- 15% of Britons approve of U.S. leadership
- 17% approve of Russia's leadership
- 12% approve of China's leadership
WASHINGTON, D.C. -- Britons' views of U.S. leadership quickly soured after President Donald Trump's election, with approval ratings plummeting 26 percentage points between 2016 and 2017. Their opinions have reached a new low point, however, during his fourth year in office: The 15% of Britons who approve of U.S. leadership in 2020 represents a record low not only for the Trump administration, but also for any U.S. administration since 2006.
Line graph. Trend in British approval and disapproval of the job performance of U.S. leadership since 2006. The 15% of Britons who approve of U.S. leadership in 2020 not only represents a new record low for the Trump administration, but also for any U.S. administration.
While Britons' views of U.S. leadership took a major hit in 2017, they have dropped an additional 18 points since. Although the British public has evident disdain for the Trump presidency, this cannot be said about the U.K.'s leadership. Prime Minister Boris Johnson and Trump apparently have an amicable relationship, with Johnson previously stating that Trump has "many, many good qualities." Additionally, Nigel Farage -- former European Parliament member and current leader of the Brexit Party -- was a staple at Trump campaign rallies.
Within U.S. Context, Britons' Ratings of Russia's Leadership Don't Look as Bad
Britons' approval of Russia's leadership, on the other hand, has remained somewhat constant -- with strong disapproval since 2014. But tellingly of how much Britons scorn U.S. leadership, the 17% of Britons who approve of Russia's leadership and the 71% who disapprove are, for the first time, marginally better than their ratings of the U.S.
Line graph. Trend in British approval and disapproval of the job performance of Russia's leadership since 2006. the 17% of Britons who approve of Russia's leadership and the 71% who disapprove are for the first time marginally better than their ratings for the U.S.
Britons' Approval of China's Leadership Drops to New Low
China's leadership has never garnered much approval in the U.K., but against the backdrop of the pandemic that originated there and the toll it's taken on Britons' lives, approval in the U.K. has dropped significantly. Approval of China's leadership has fallen from 22% in 2019 to 12% in 2020, a 10-point drop -- matching the drop seen for U.S. leadership approval.
Line graph. Trend in British approval and disapproval of the job performance of China's leadership since 2006. Approval fell from 22% in 2019 to 12% in 2020, a 10-percentage point drop matching the drop seen with U.S. approval.

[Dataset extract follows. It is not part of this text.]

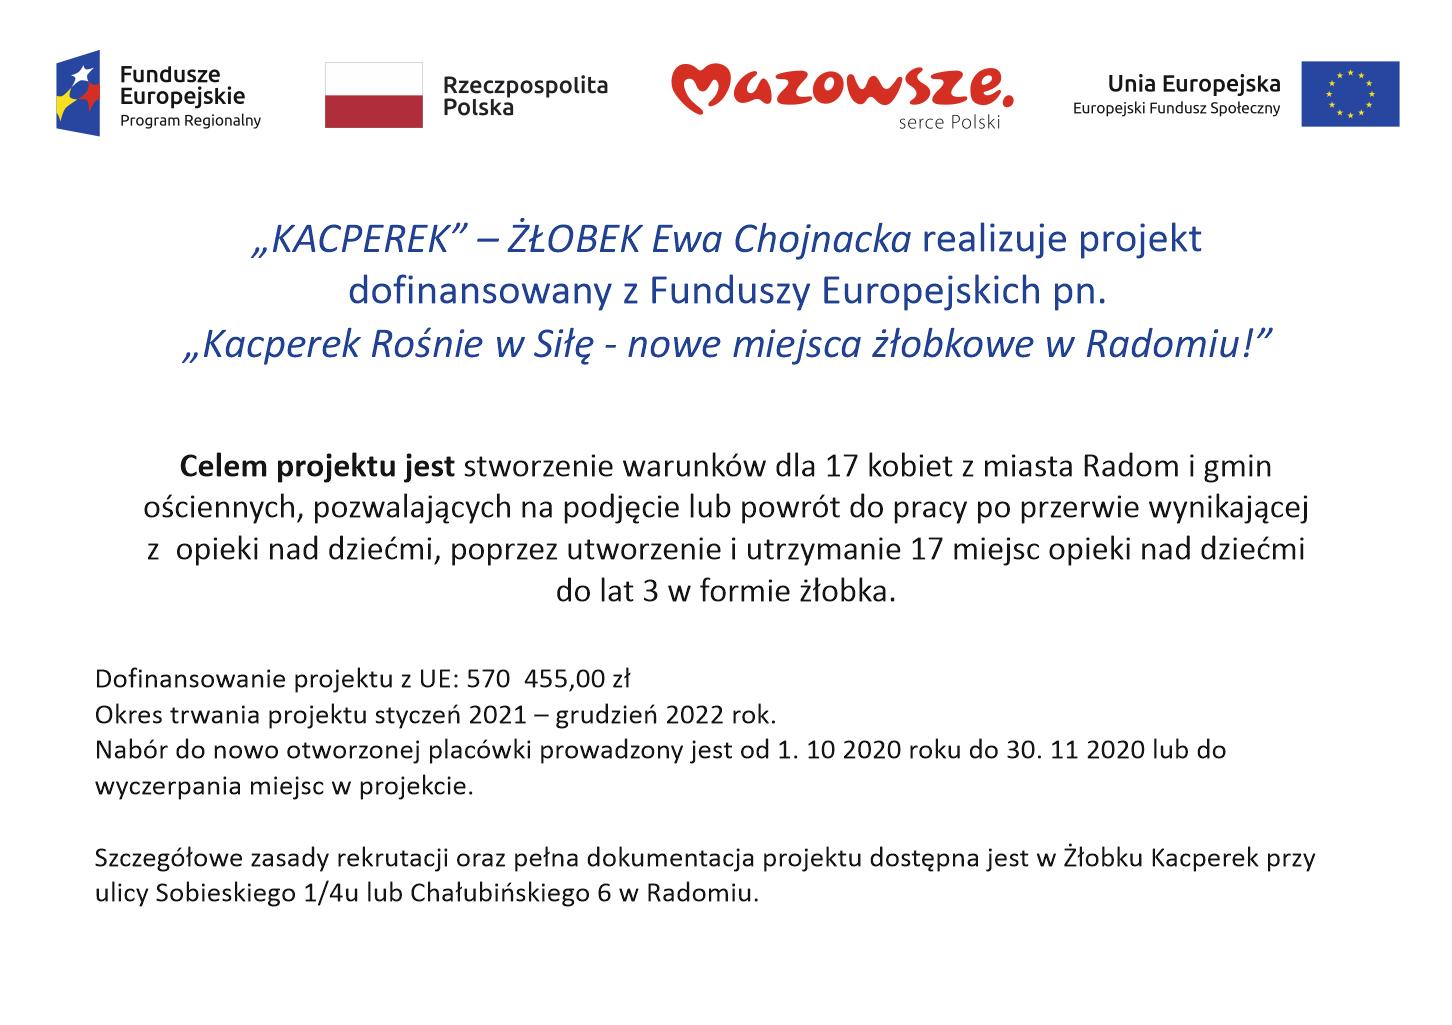 Projekt z Funduszy Europejskich
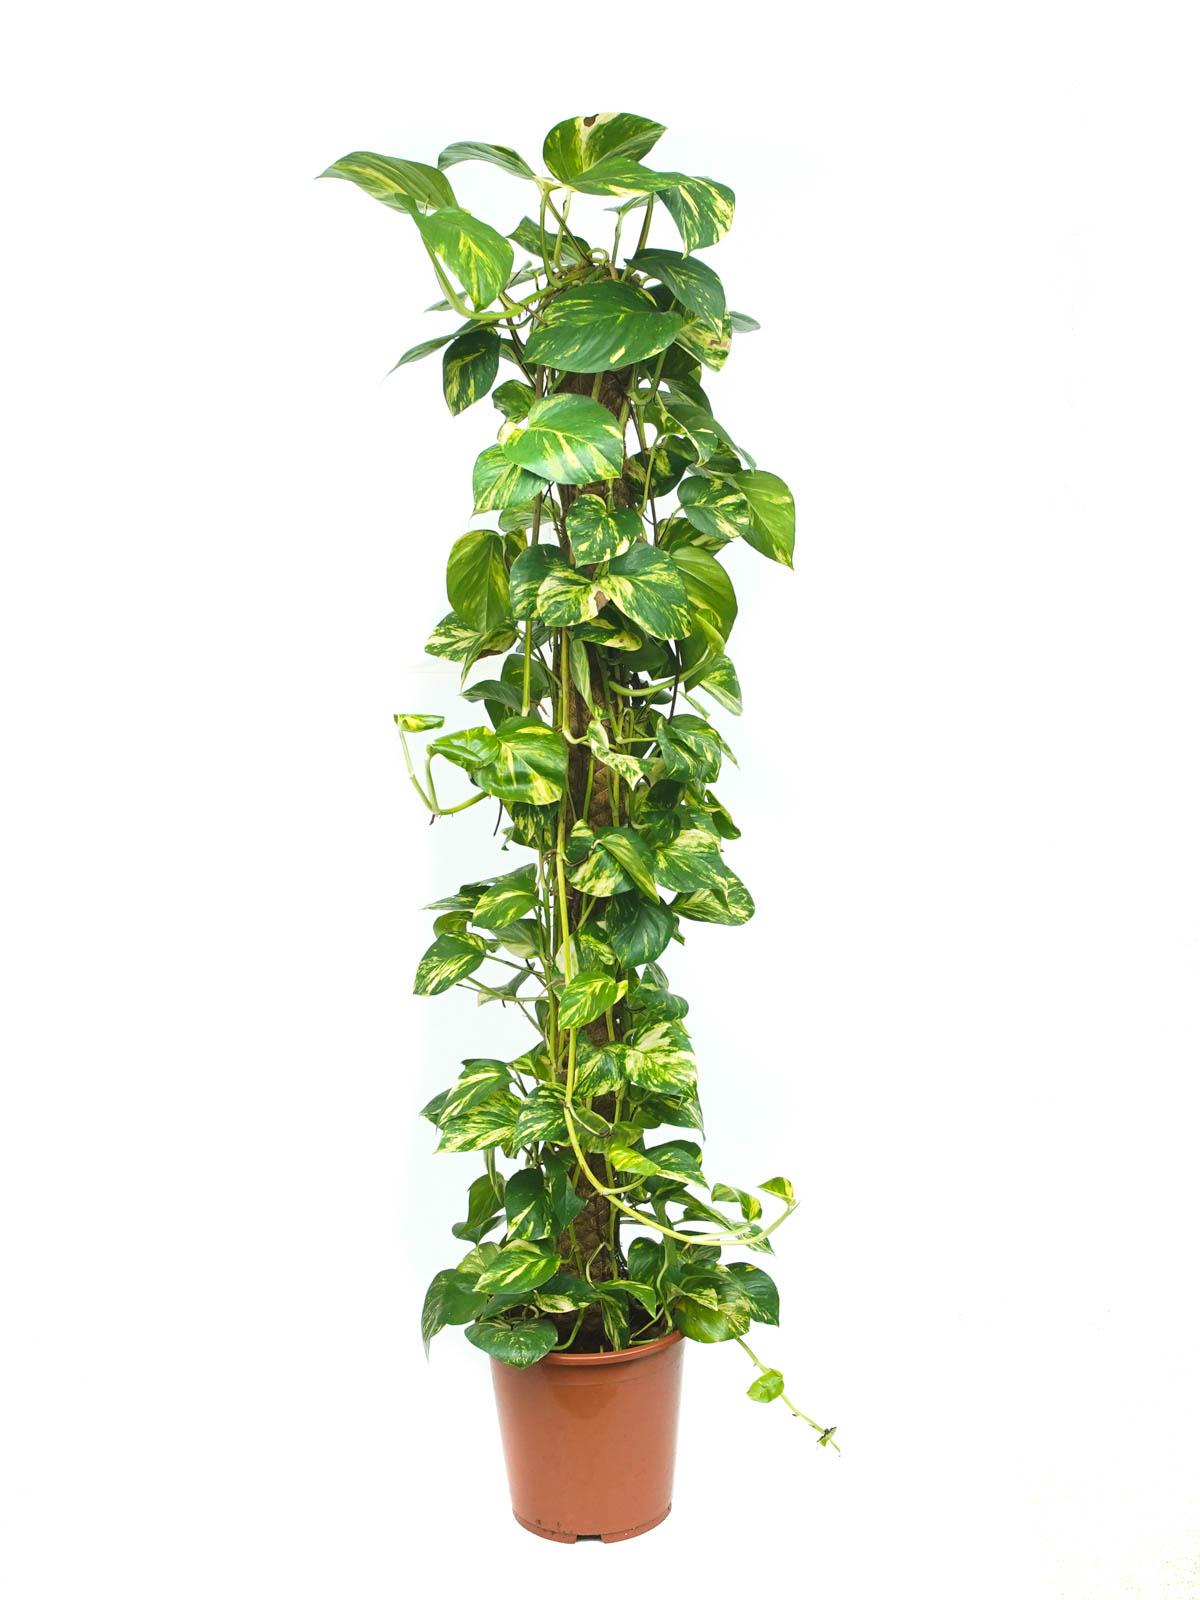 ايبريمنيوم موستوك هولندا نباتات داخلية

However, given the U.K.'s deep roots to Hong Kong, a former British Empire colony, disapproval of China's leadership may also be linked to a new security law passed on the eve of the 23rd anniversary of the city's handover to China. The security law led to mass demonstrations and clashes with police in Hong Kong. It has been criticized by the U.K. government, which has gone so far as to allow up to 3 million Hong Kong residents the opportunity to settle in the U.K. and apply for citizenship.
Germany's Leadership Still Popular
As previously reported, the U.K.'s approval of Germany's leadership matched an all-time high in 2020. Since 2012, approval of the leadership of Germany -- led by Chancellor Angela Merkel -- has not dipped below 50%. Of all the major world powers that Gallup asks U.K. residents about, Germany is the only country whose leadership is seen favorably by Britons.
Line graph. Trend in British approval and disapproval of the job performance of Germany's leadership since 2006. Since 2012, approval of Germany's leadership has not dipped below 50%.
So much has changed around the world because of the COVID-19 pandemic, racial tensions and social unrest. With China and the U.S. serving as the epicenters of many of these issues, it comes as little surprise that confidence in how these countries are governed has dropped. That being said, amid a highly anticipated U.S. presidential election -- which is still undecided as of this posting -- as well as rising tensions between the U.K. and China over new security laws enacted in Hong Kong, Britons' approval of these nations' leadership could fluctuate even further depending on how the final months of 2020 play out.